12. The method of claim 10, further comprising determining a concentration of the antibodies in the sample by interpolating the amperometric signal thus detected on a calibration curve that relates amperometric signal to antibody concentration.

13. The method of claim 12, wherein the calibration curve comprises an x/y plot of percent current change in the biosensor ((ΔI/I0 (%)) versus antibody concentration.

14. The method of claim 10, wherein the alkaline phosphatase substrate comprises disodium p-nitrophenyl phosphate.

15. The method of claim 10, wherein the biosensor further comprises a solution gate electrode in fluidic contact with the liquid medium such that each In2O3 FET device is configured as a solution-gated FET.

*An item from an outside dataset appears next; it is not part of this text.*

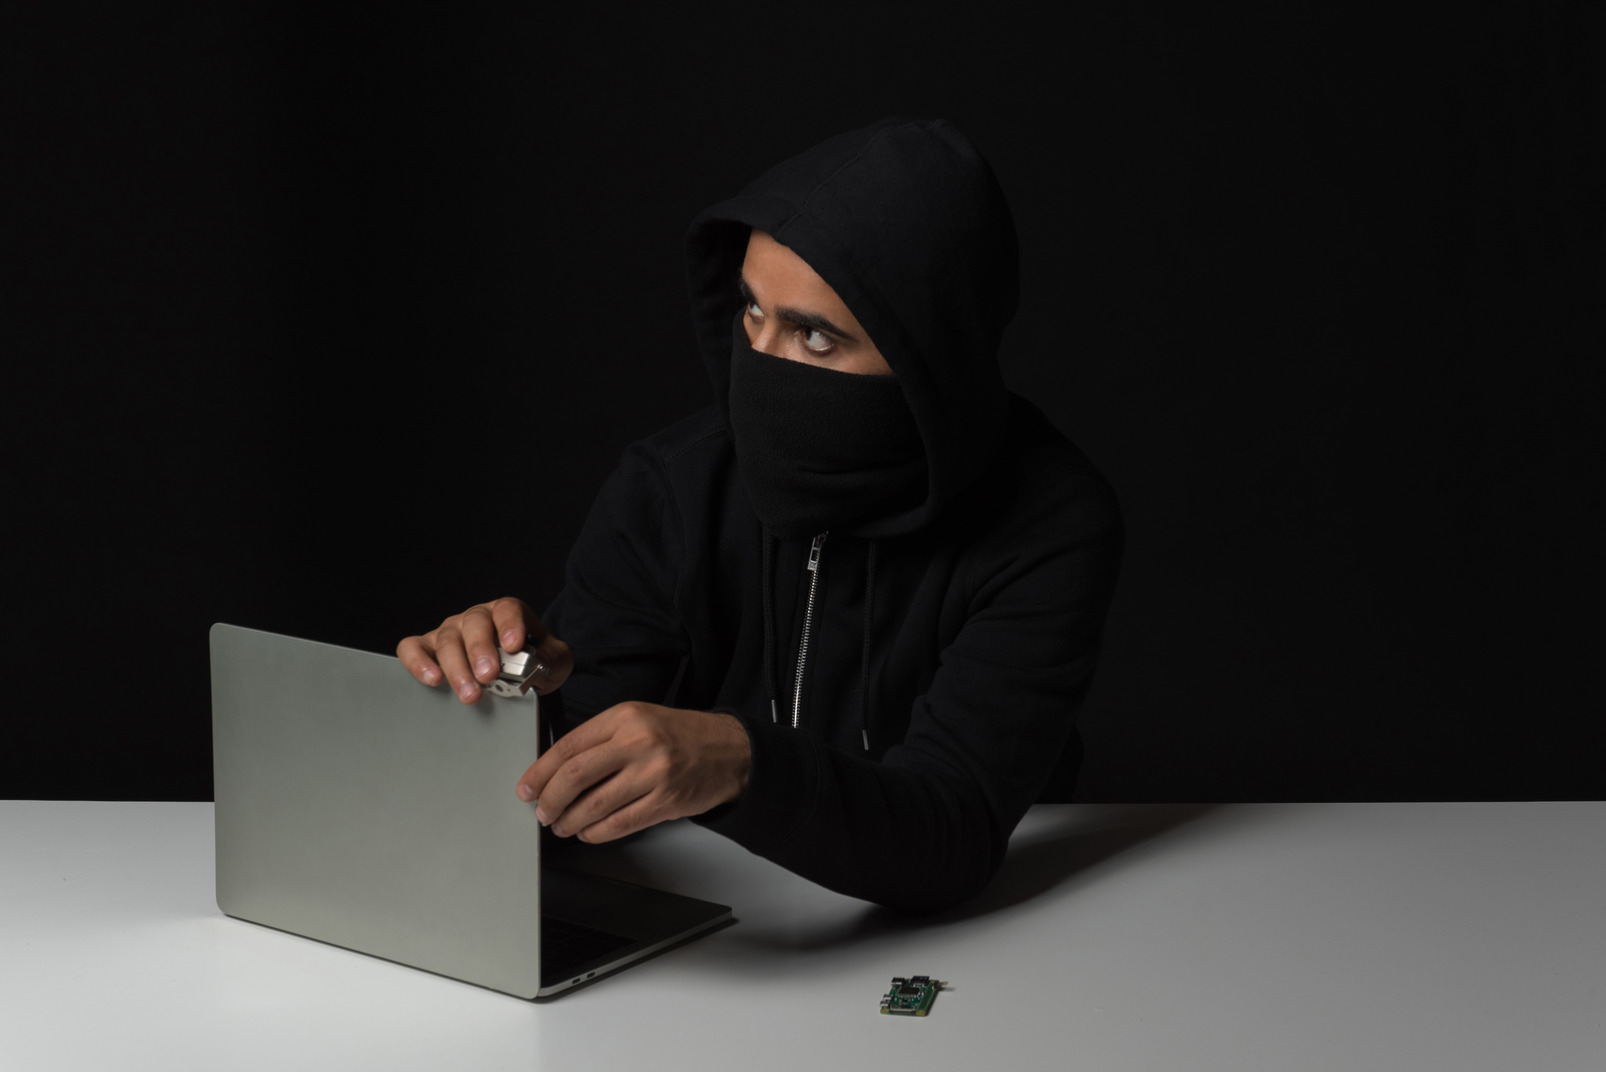 Hacker guy removing laptop in the dark

16. The method of claim 15, further comprising applying a liquid gate voltage to the solution gate electrode prior to detecting an amperometric signal comprising a current or change in current in the biosensor.

17. The method of claim 10, wherein each In2O3 nanoribbon is characterized by a channel length about 500 μm, a channel width of about 25 μm, and a channel thickness of about 18 nm.

18. The method of claim 10, wherein the pH change in the liquid medium comprises a pH decrease resulting in an increase in conductivity of each In2O3 nanoribbon.